In my youth, I lived for a time in a place called Langtry. Back when I worked on the railroad that cut its course over that barren scene.
On my rare days off I’d go down to the river that snaked past town. A thin sliver of water that ran through a shallow wash thick with brush. You could throw a rock clear across that stretch into Mexico.
On the American side of the river you could find the names of visitors scratched into the rocks along the banks and up into the border of town. Luis. Jose. Felipe. Wether they stayed or went back to their side I could never tell. But they’d left their mark.
I’d head down to that river with a cane and line on the high water days and fish. Maybe boil up a handful of coffee grounds in a tin can and fill my mouth with the dirty stuff. Just me on my own down there. Taking in the view and coating my teeth in that rich dirt. Taking in the view and not much else. Never caught any fish you see.
In high summer I’d still head down, though all that’d be left of that river was a trail of cracked earth with trash scattered here and there.

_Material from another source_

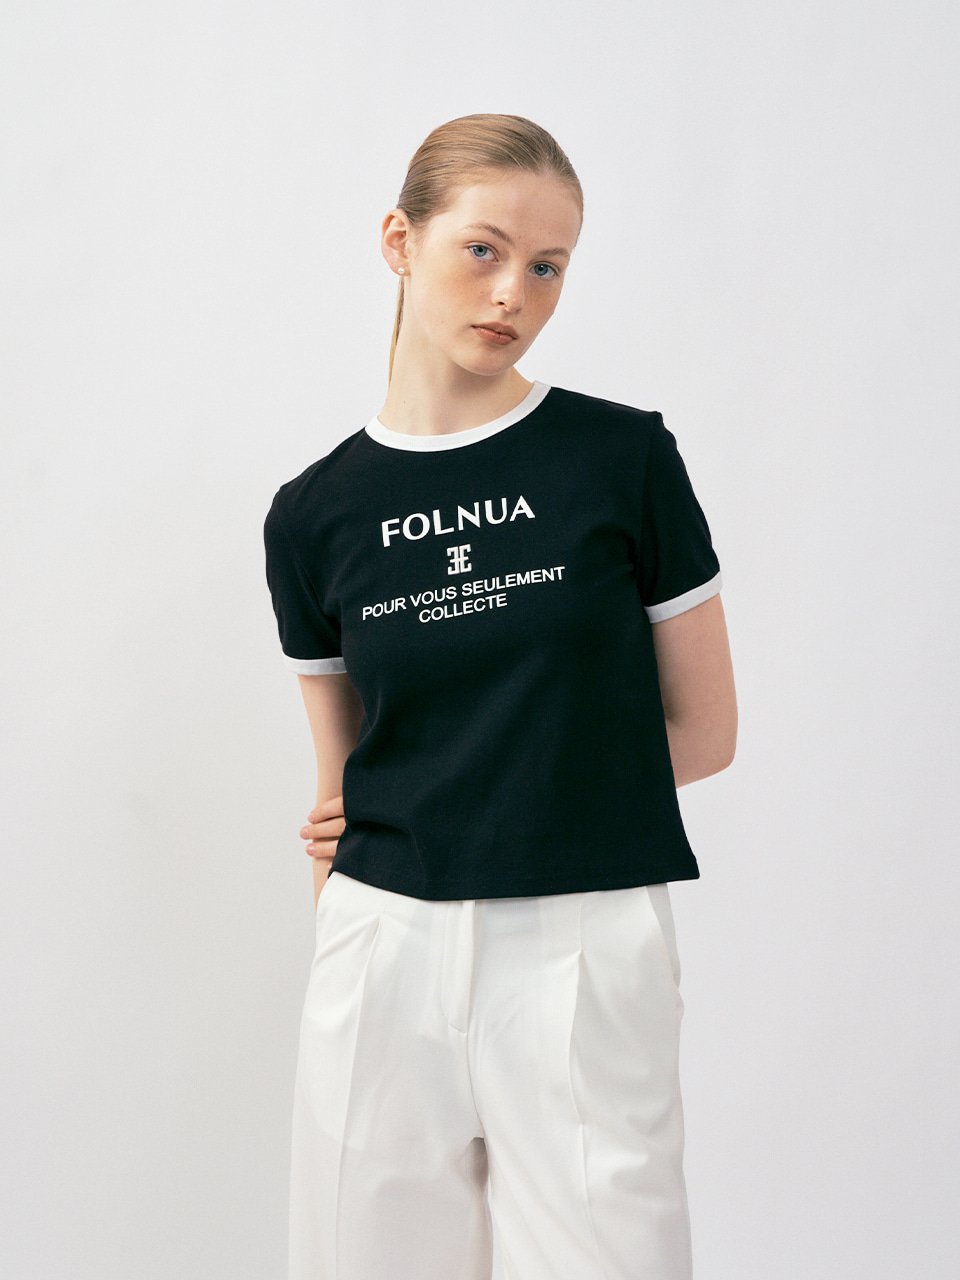 FOLNUA(フォルニュア) カラーレーションクラシックロゴTシャツ / ブラックホワイト
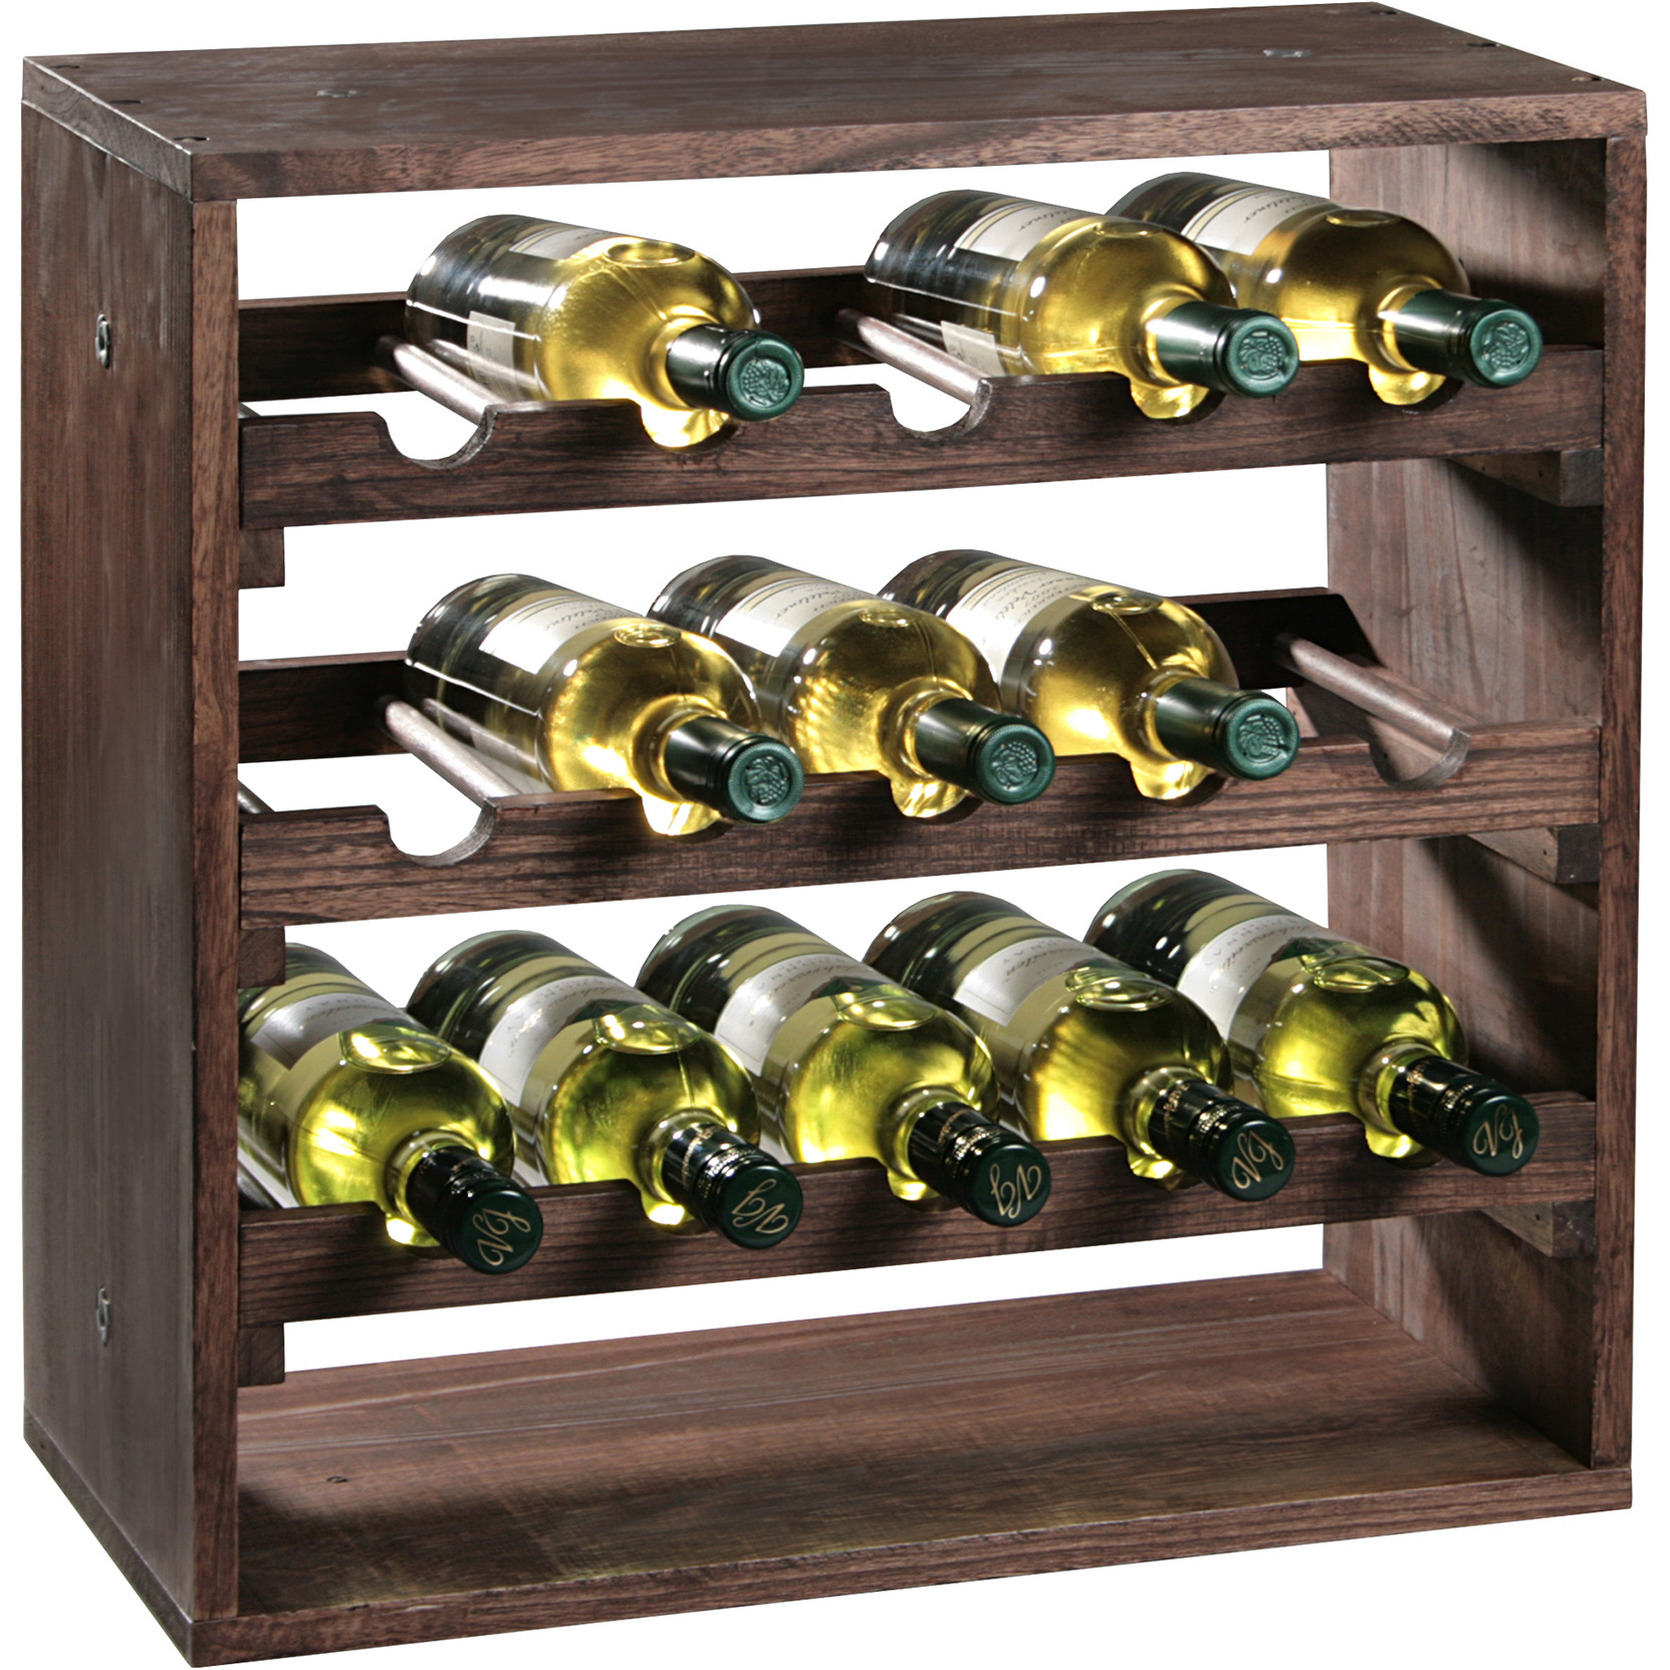 1x Houten wijnflesrek-wijnrekken staand voor 15 flessen 25 x 50 x 50 cm

Cast offs from one life or another. An old pot. Maybe a wrench. A can or two. Seems plenty of people went down or across that way though I never saw them. Maybe the river’d carried those relics from somewhere else in a flash flood. I never knew nor found out.
Only time I ever saw another person down there was the time I found the body in the brush.
The lawmen raised hell trying to determine whose jurisdiction a brown-skinned fellow down by the border river belonged to. They didn’t seem too concerned about a dead Mexican. Just the paperwork and keeping their boots clean.
Remember them standing in a circle away from the body, one or two turning to spit their dip in its direction from time to time. Didn’t seem they wanted to get that thick juice on the ground near them. But over by the body was fine for them.
Remember staying up late that night at my shack. Used to be a whole family of stray cats that lived under the beams where it was sometimes cool. Stayed up late on the porch stroking their smooth fur and watching a waning crescent cross the sky. That’s got something to do with wisdom or some such thing. Figured now I maybe got some of that.
I can still remember the cold air of the desert. The smooth fur of the cats beneath my palms like liquid. The distant fires burning across the river. A feeling of deep shame.
Sometimes I still wake at night dreaming of the flies that covered the body. In those moments it’s like I can still smell it. On those nights my wife Camila comforts me and I try to forget that day. I think of all the good things that came after. I think of Camila.
Time has not been kind to Langtry. Perhaps that’s for the best.